Why not ATVs?
I do not understand the fears of allowing ATVs to use some of the roads in the forest which are already open to automobiles.
My car is more than two tons of wagon with high clearance and big tires. It has a five-speed manual transmission with four-wheel drive high and low ranges. I can go anywhere an ATV can go. I can make deeper ruts and crunch a wider path.
Yet somehow I am not out rampaging off road in the forest. What holds me back? The answer is that I hold a driver’s license. I know that to ignore the rules for motor vehicle use puts my license at risk and all that goes with it.
People driving the forest roads in smaller, open-air, slower-moving vehicles seems like a win all around. Less road wear and tear. The ATVs have a smaller footprint for carbon in the product life cycle. They take up less room on the road and are more friendly for cyclists and hikers than giant 4x4s.
Dan Aspenwall, Winthrop
Dangers of addiction
I am writing in response to Shiah Lints’ letter to the editor, “Drug addicts are people, too” (May 27).
Yes they are, just as are thieves, murderers and all other people who choose to do things illegal and harmful to society. My son is an addict, and my heart breaks over and over upon thinking of him and his situation. I love him with all my heart, but I do not like what he does. Most of us have a relative, or know someone who does, who is a drug addict. Those of us who are close to the situation also know that the addictive personality can be dangerous to others. Not all, but some.
Drug addiction is a difficult thing to conquer, and it can totally absorb the addict’s mind. They become slaves to their addiction. I have tried and tried to help my son, to the extent of being drained financially. Then upon coming out of a long stay in jail, he informed me that I had been “enabling” him by helping him. He told me it is better to reach rock bottom, because at that point they may actually reach out and want help. Drug addicts, if not employed, make their money mostly by stealing and selling drugs. That is why it is important to keep up on it.
I am thankful that Twisp Police Chief Paul Budrow has the concern he does and that he is taking action. As long as there is a drug presence in our community, then there is the danger that more young people will become addicts. Yes, the danger is always there regardless, but why make it easier? We love the kids out there that are struggling with addiction, but they have to want to change. When they make that choice, then I am sure there are people willing to help. In the meantime we keep them all in our prayers – lots and lots of prayer.
Lauri Martin, Winthrop
Drought. Water shortage. Increased costs. Energy challenges. Resource conflicts. Climate change.
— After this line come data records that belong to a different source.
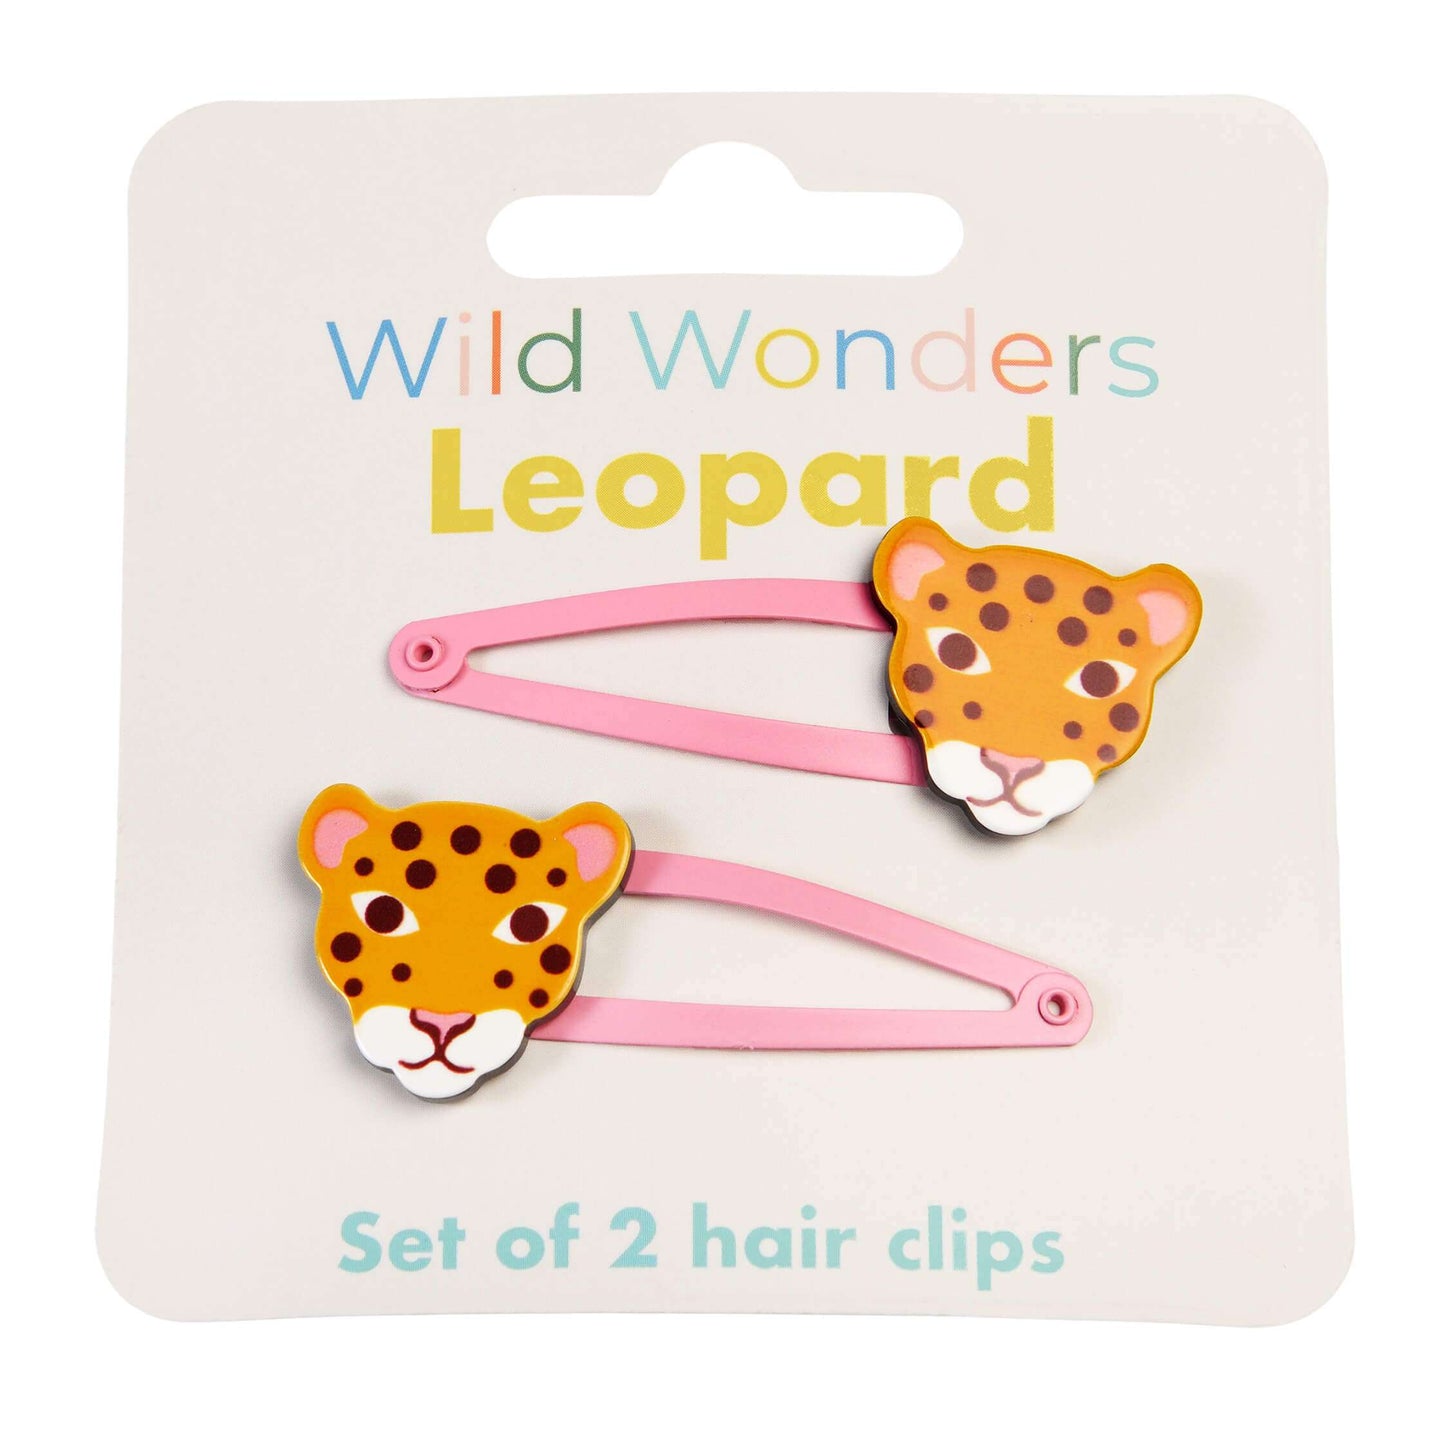 Wild Wonders Leopard Hair Clips
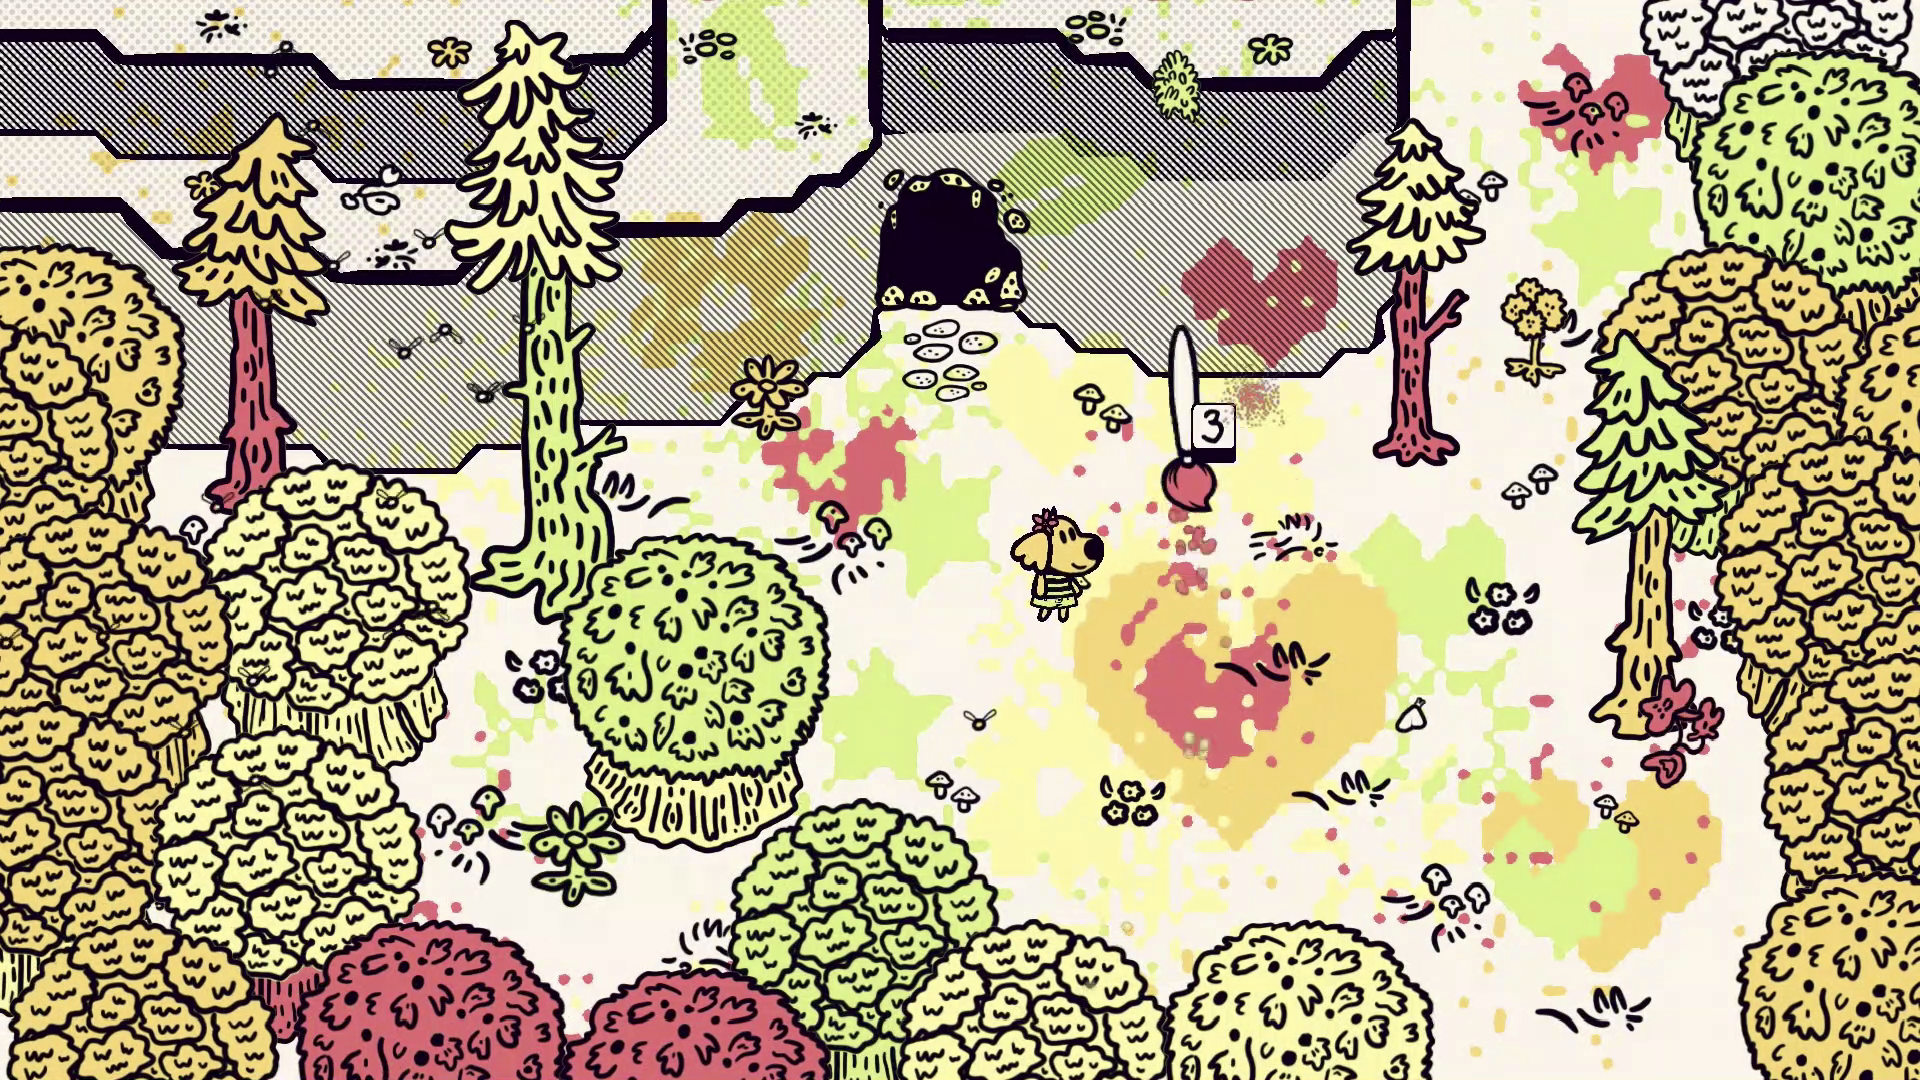 Chicory: A Colorful Tale - لقطة شاشة | PS5
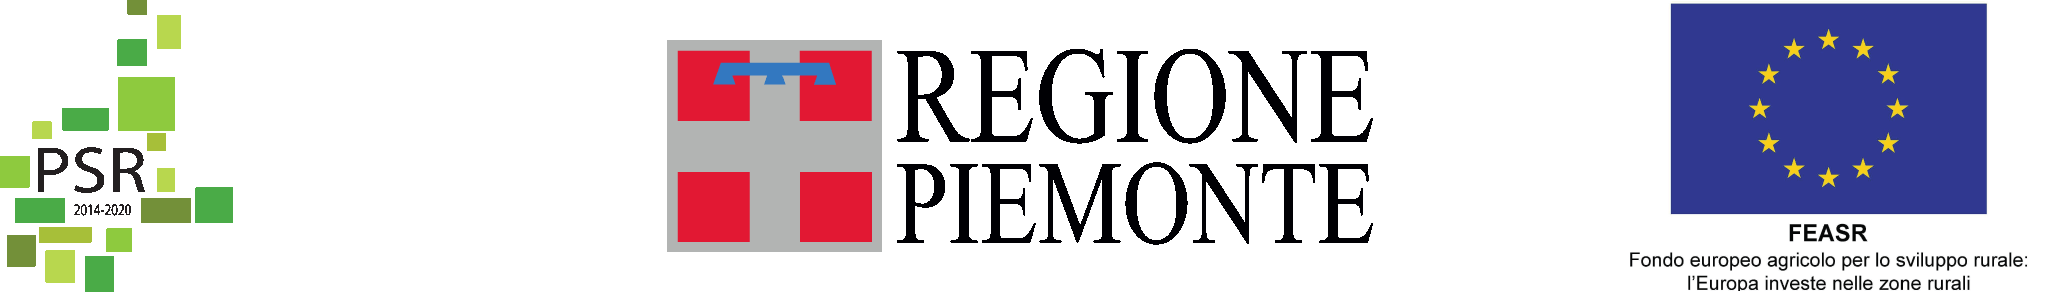 PSR 1 logo
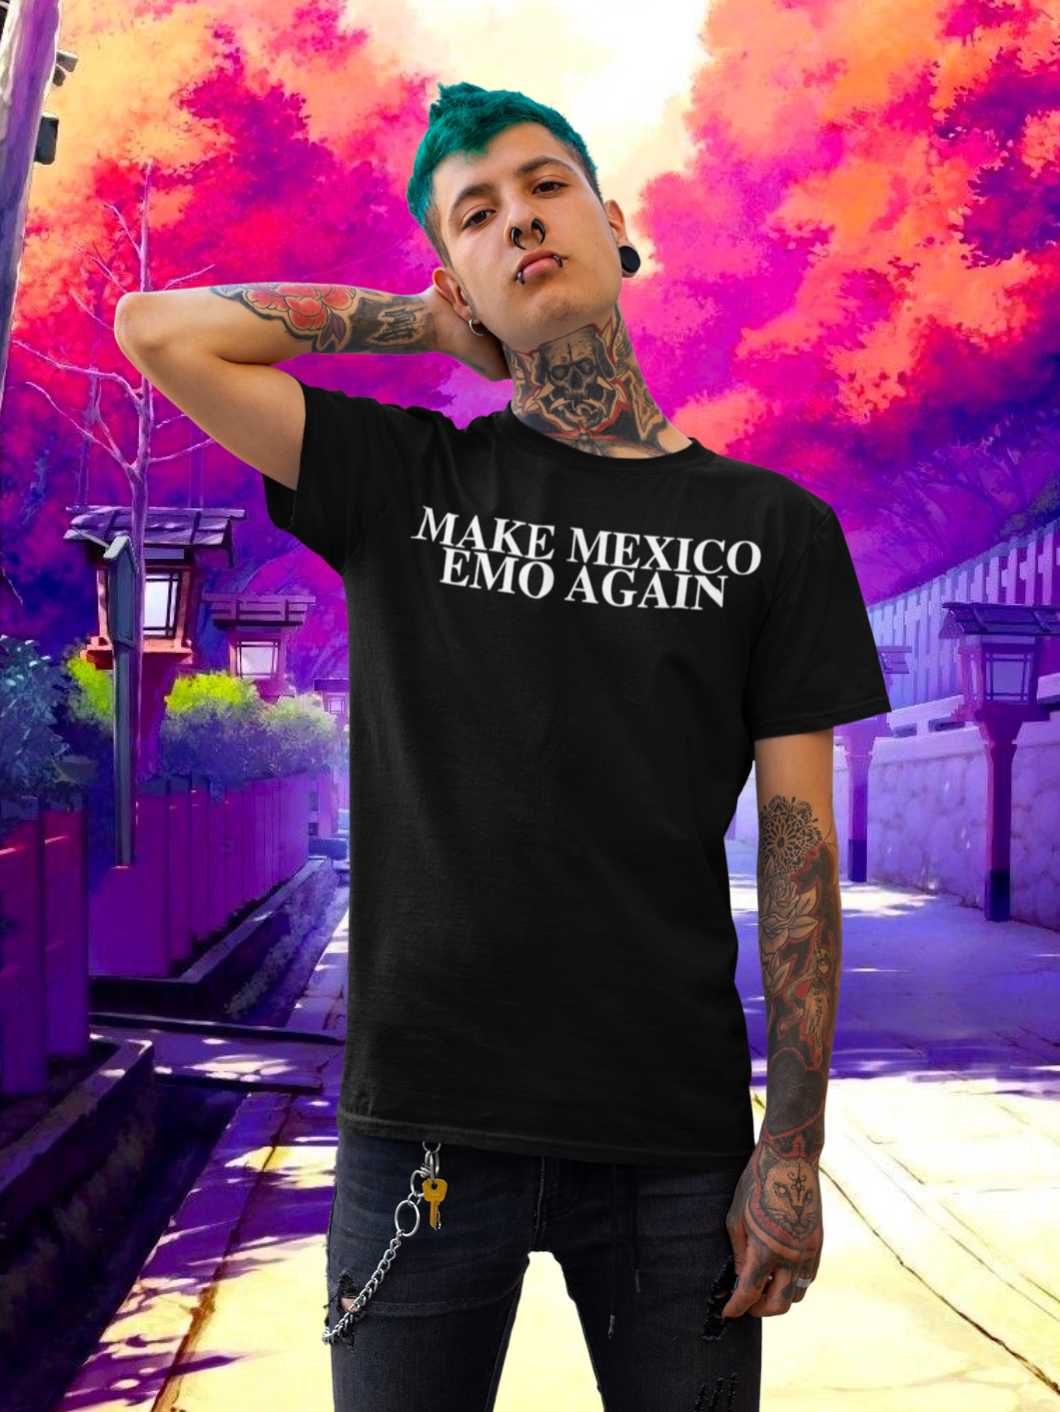 Make Mexico Emo Again

A book with more than 20 years of direct experience is available in the North Central Regional Library: Rainwater Harvesting for Drylands. Some of the methods may fit here and some not/but I’ll bet my nickel that some of you will find this interesting, very interesting.
Susan Crampton, Winthrop
On Memorial Day weekend, while driving from the Evergreen IGA onto Twin Lakes Road, I came to the area where the Susie Stevens path crosses the highway. A man and several small children were on bikes, waiting. I stopped. Eventually cars coming from the opposite direction stopped and the group crossed, followed shortly by a woman with small children. I believe that the crossing should be painted as a pedestrian crossing, with some signs noting it. The cyclists should have a right-of-way there that autos acknowledge. Signage to motorists to at least slow and look for those who want to cross should be part of the trail maintenance. Who should finance paint and the work to accomplish this?